---------- PROVIDED DATA ----------
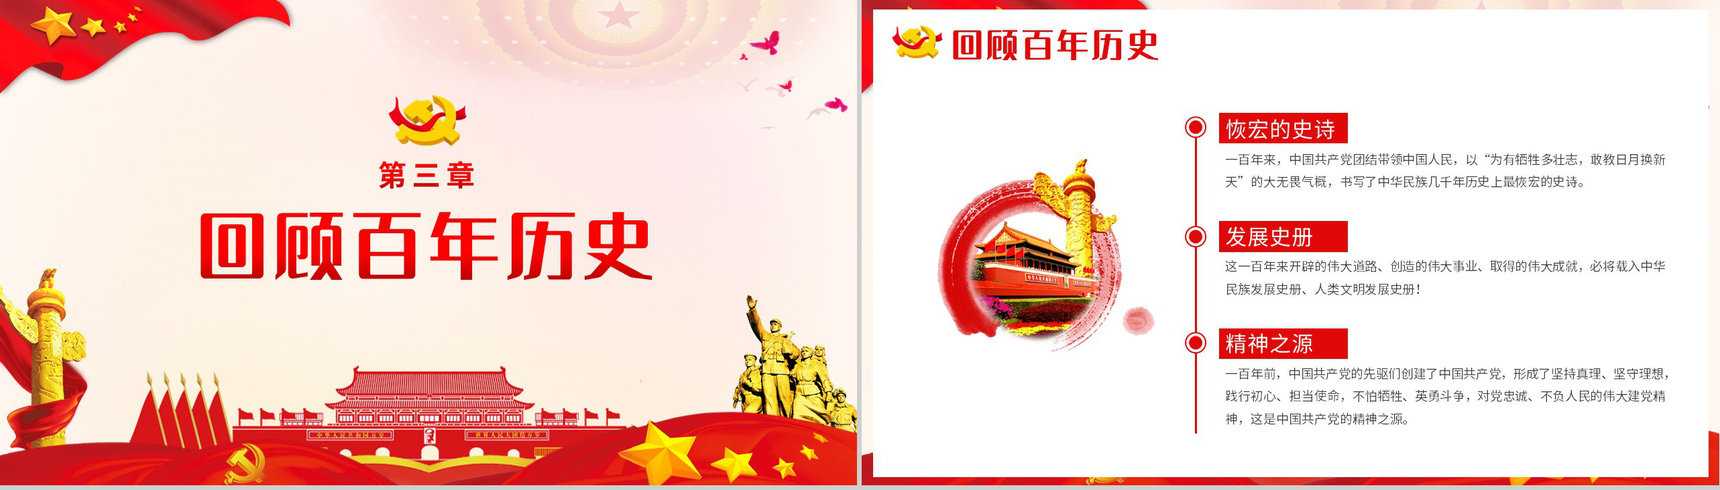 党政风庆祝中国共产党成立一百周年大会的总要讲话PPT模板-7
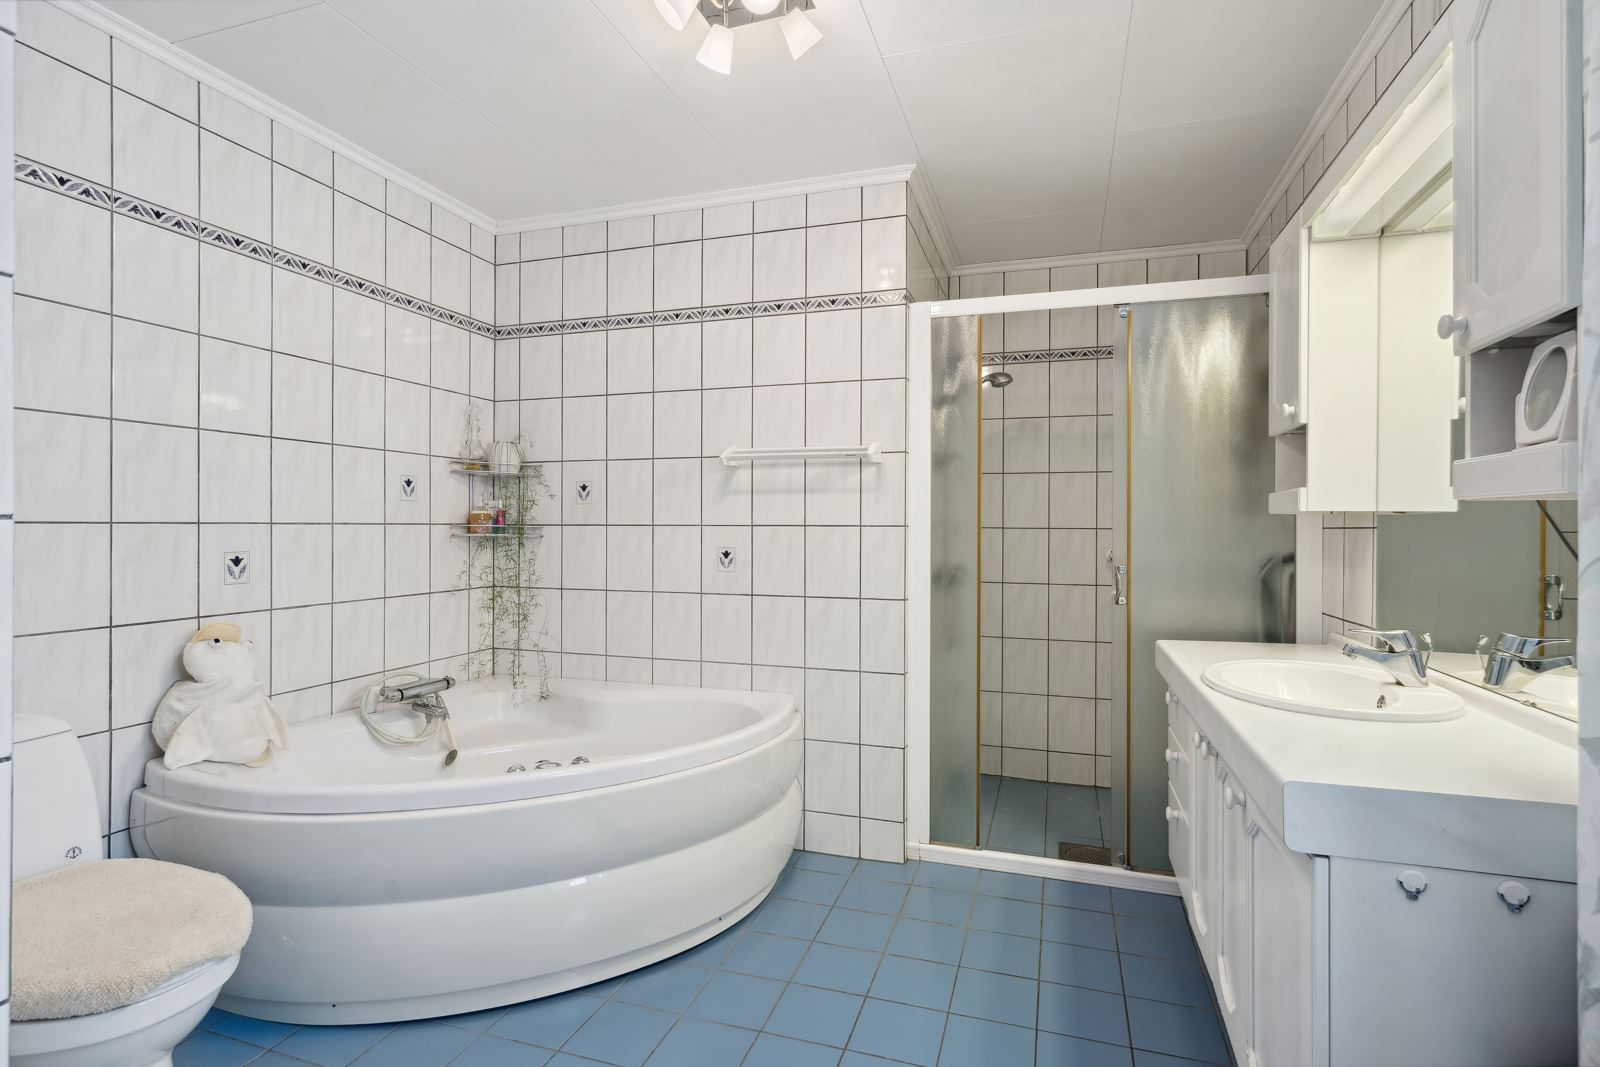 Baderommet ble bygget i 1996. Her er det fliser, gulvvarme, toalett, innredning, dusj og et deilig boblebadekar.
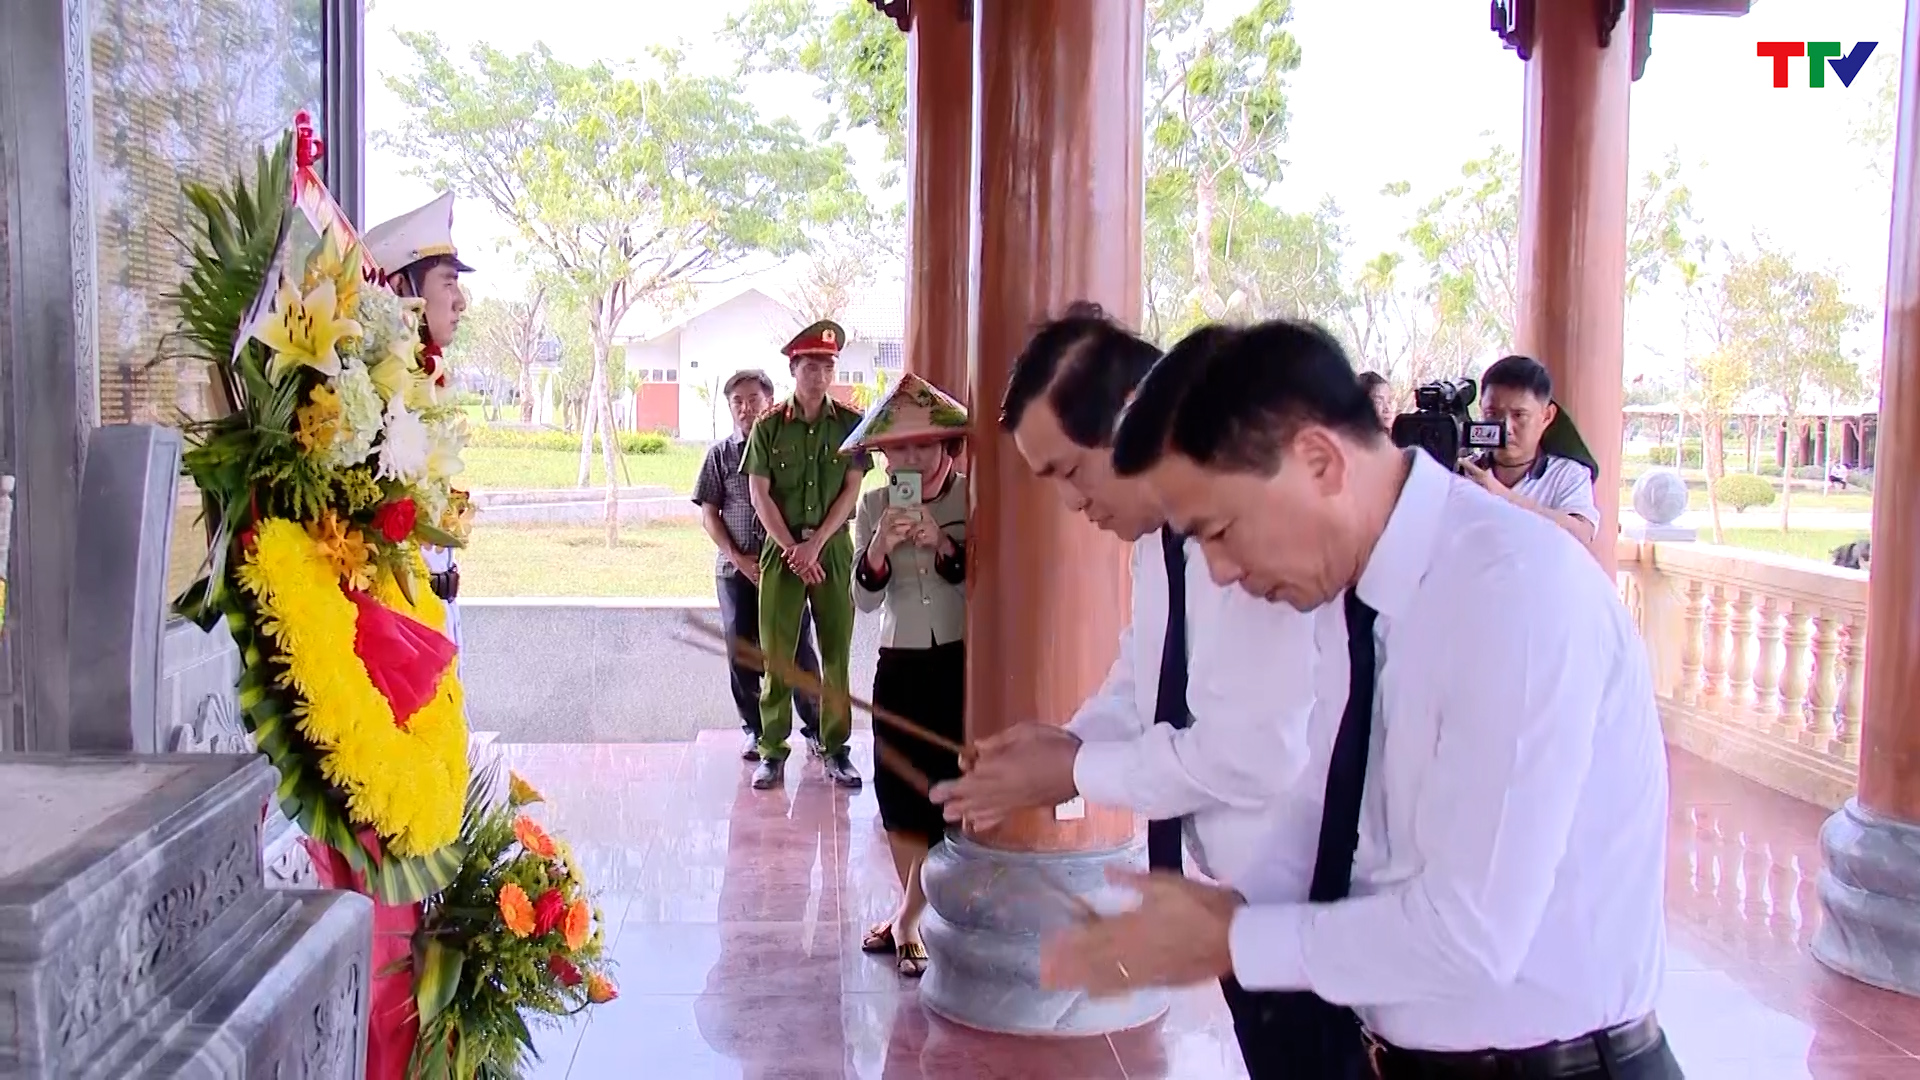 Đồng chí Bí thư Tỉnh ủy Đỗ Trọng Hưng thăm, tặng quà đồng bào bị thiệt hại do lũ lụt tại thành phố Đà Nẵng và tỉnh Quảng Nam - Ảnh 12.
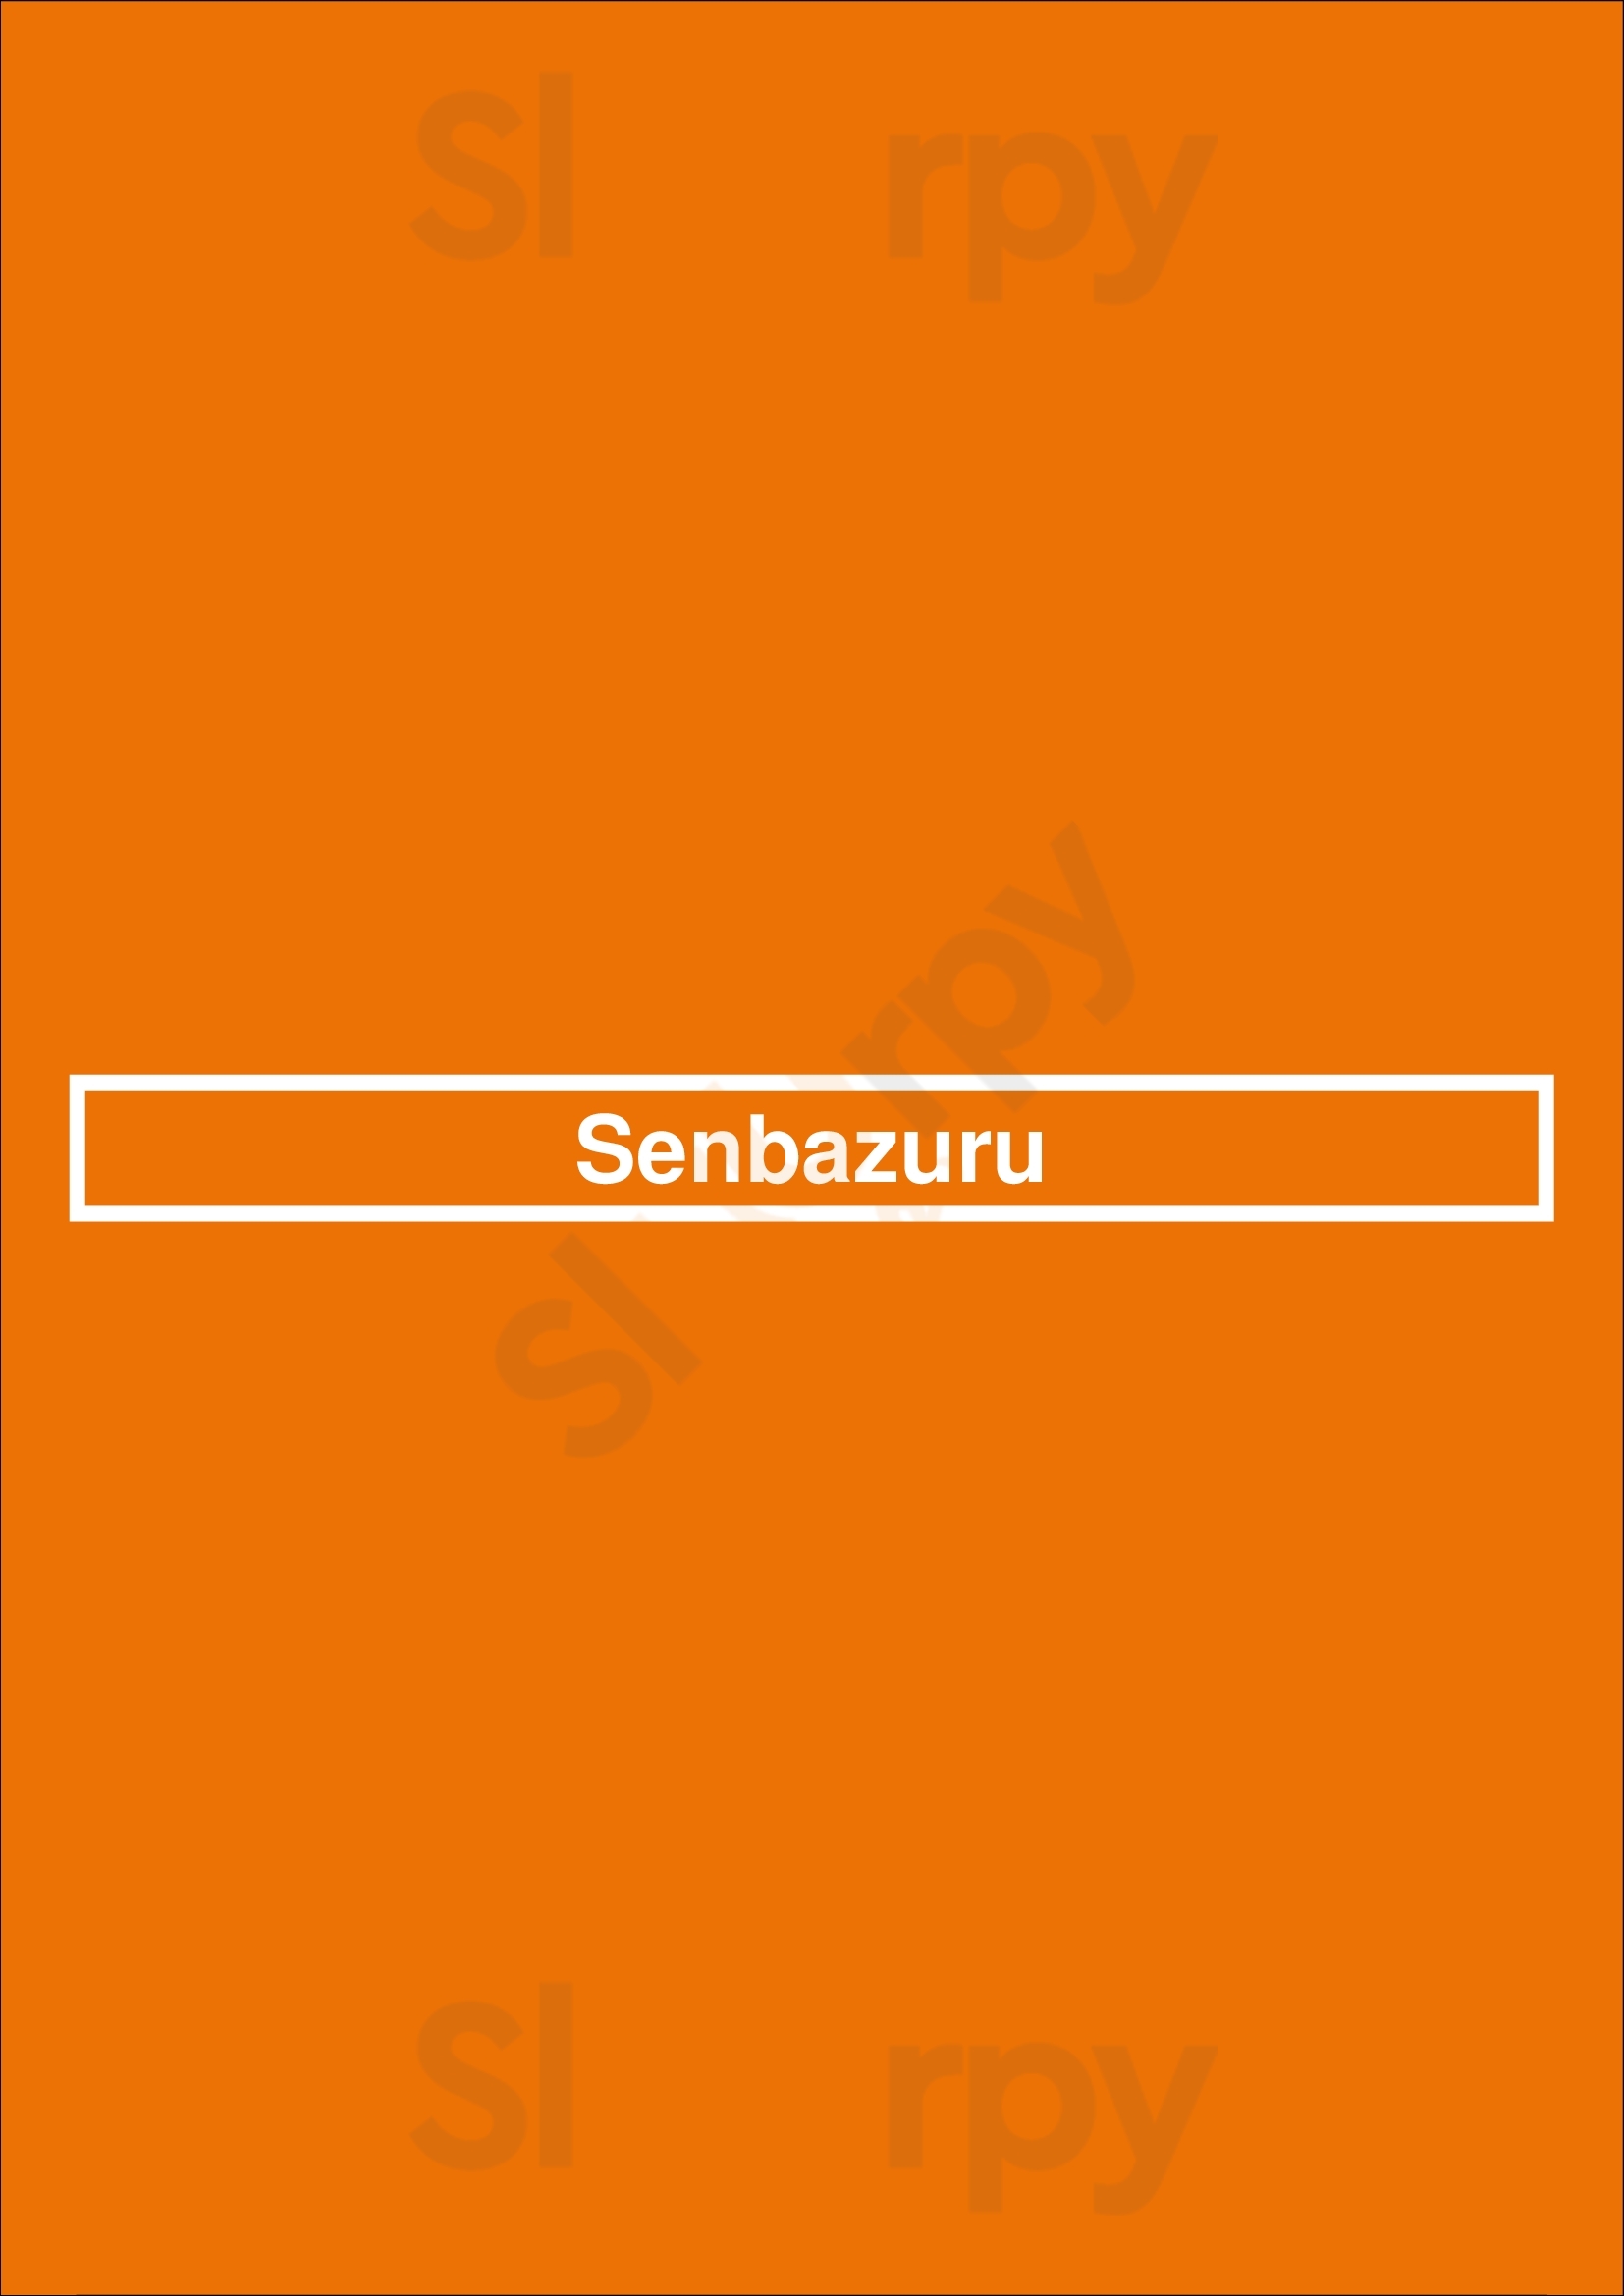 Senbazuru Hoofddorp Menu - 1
----------
■ **REQUIRED WORK**
Write out the listing above exactly as it stands, pictures excluded.

■ **RESULT FOR THIS EXERCISE**
 党政风庆祝中国共产党成立一百周年大会的总要讲话PPT模板-7
 Baderommet ble bygget i 1996. Her er det fliser, gulvvarme, toalett, innredning, dusj og et deilig boblebadekar.
 Đồng chí Bí thư Tỉnh ủy Đỗ Trọng Hưng thăm, tặng quà đồng bào bị thiệt hại do lũ lụt tại thành phố Đà Nẵng và tỉnh Quảng Nam - Ảnh 12.
 Senbazuru Hoofddorp Menu - 1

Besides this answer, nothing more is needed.